> Problem to work on
Below is a listing from which only part is wanted; return exactly the lines from the one with "BDU Jacket - Nyco Ripstop - Olive" up to and including the one with "Female hands with".

> Data for the task
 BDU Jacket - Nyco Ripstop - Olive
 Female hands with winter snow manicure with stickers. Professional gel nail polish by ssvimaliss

==

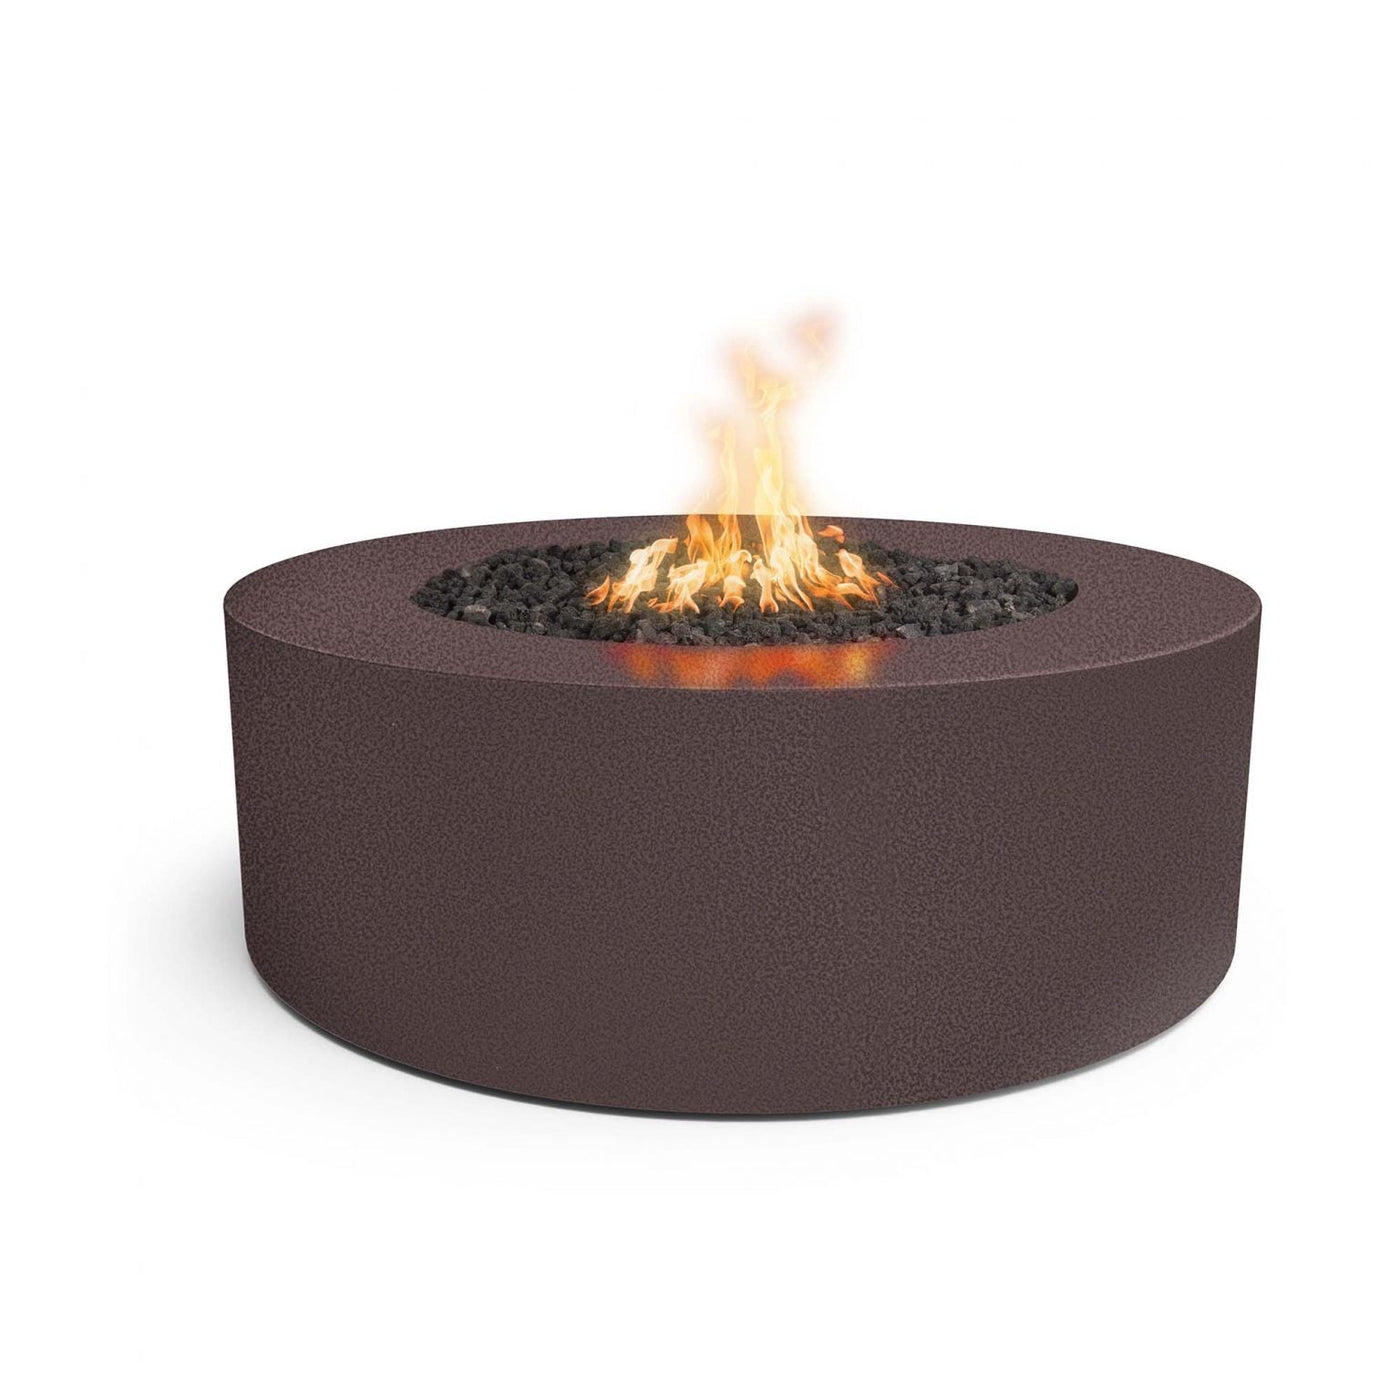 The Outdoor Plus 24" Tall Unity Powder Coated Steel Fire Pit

---

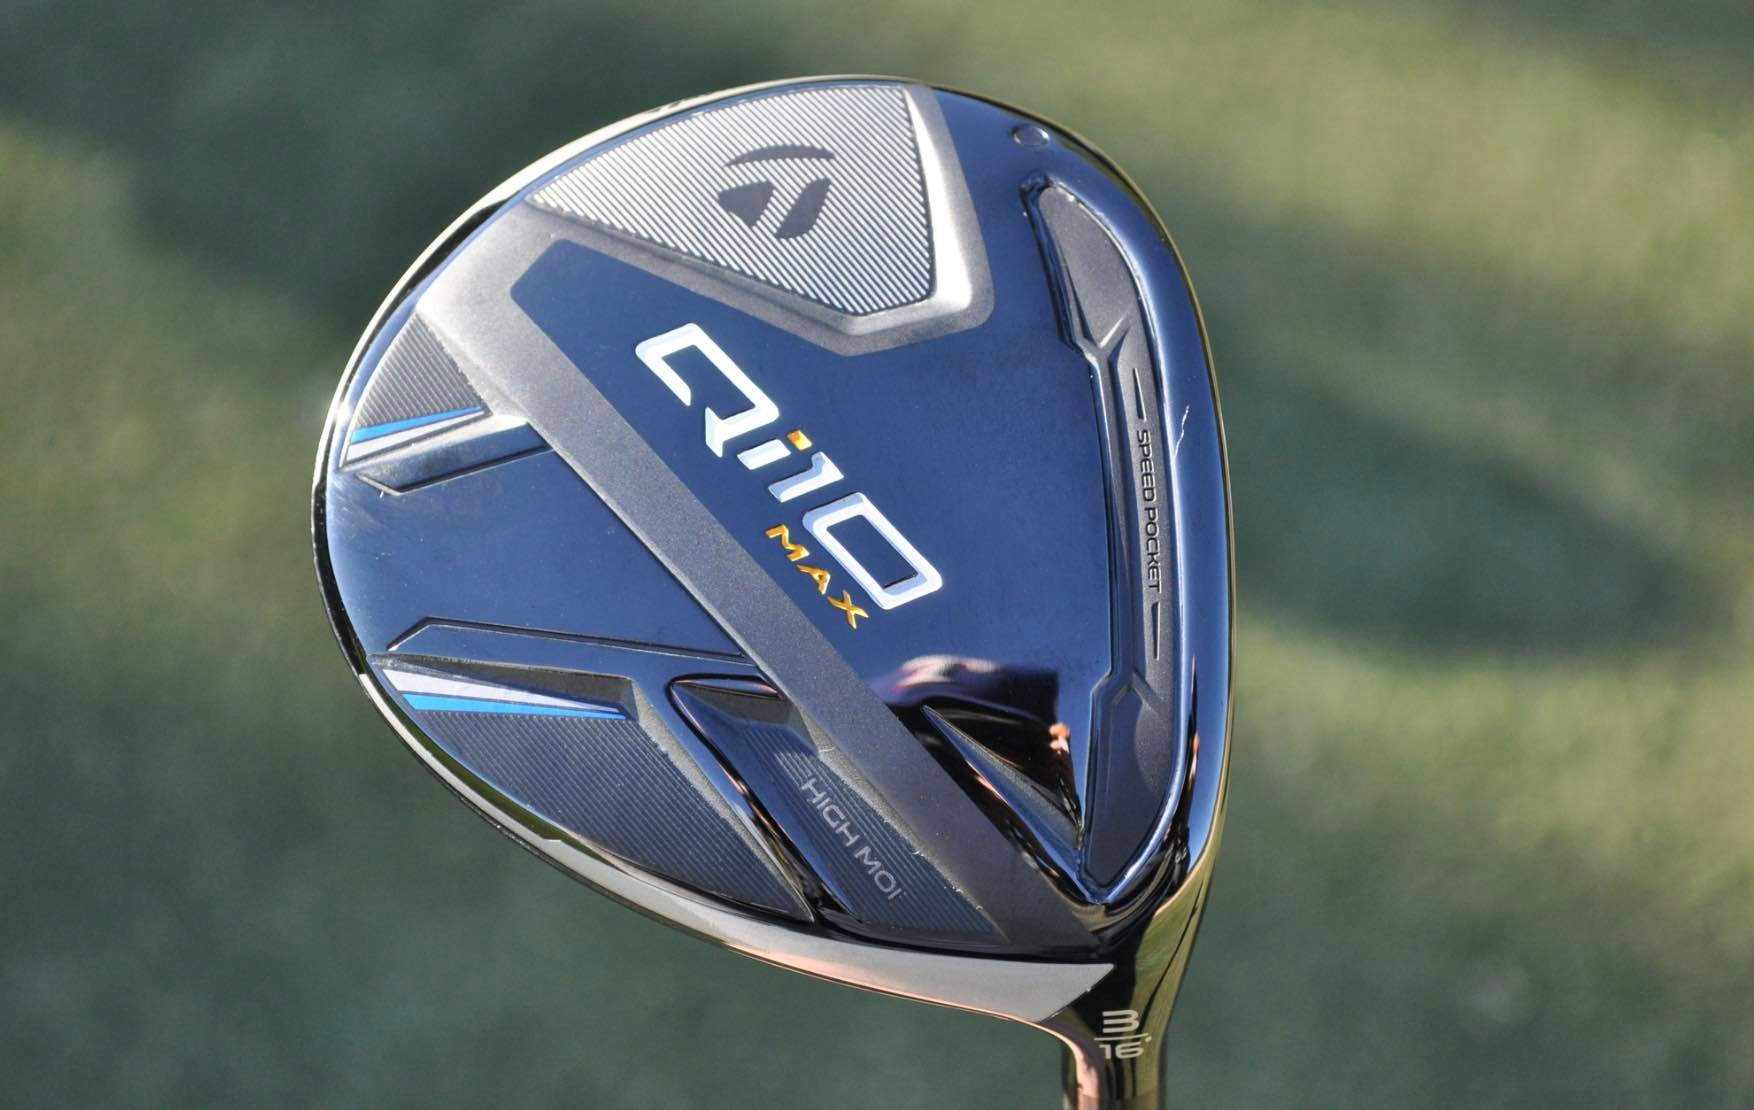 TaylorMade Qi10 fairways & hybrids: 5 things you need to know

> Task output
 BDU Jacket - Nyco Ripstop - Olive
 Female hands with winter snow manicure with stickers. Professional gel nail polish by ssvimaliss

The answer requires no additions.